Box plot is one of the more common graphs in statistics. This article will describe how to simply compare the average of two or more groups and add significance markers.
Generally, according to the value of the significance p-value, it is divided into four categories:
0.01≤p<0.05, *
0.001≤p<0.01, **
0.0001≤p<0.001, ***
p<0.0001, ****
1: Create data and draw a box plot.
library(ggplot2)
ggplot(iris, aes(x=Species, y=Sepal.Length))+geom_boxplot()

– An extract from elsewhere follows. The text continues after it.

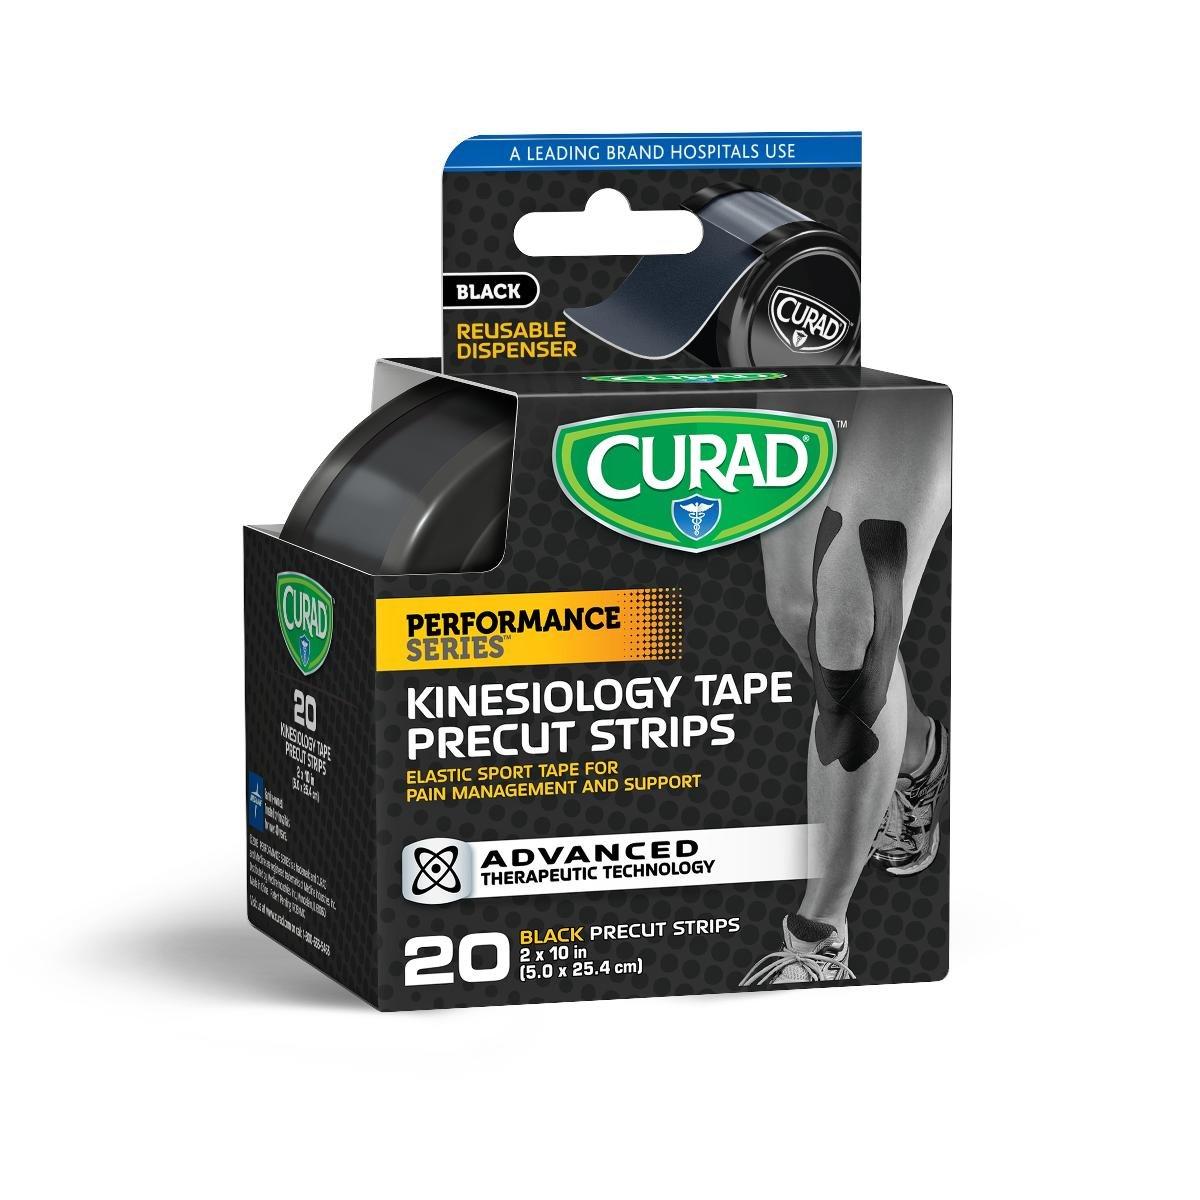 Performance Series Kinesiology Tape, 20 Precut Strips 2''X10'' (Black)

2: Manually add a significant mark.
library(ggplot2)
### Set the position of the four points of the horizontal line
df2 <- data.frame(a = c(2,2,3,3), b = c(8,8.1,8.1,8))
ggplot(iris, aes(x=Species, y=Sepal.Length))+
geom_boxplot()+
### Draw a line according to the set position
geom_line(data = df2, aes(x = a, y = b)) +
### Add distinctive mark information
annotate("text", x = 2.5, y = 8.2, label = "***", size = 8)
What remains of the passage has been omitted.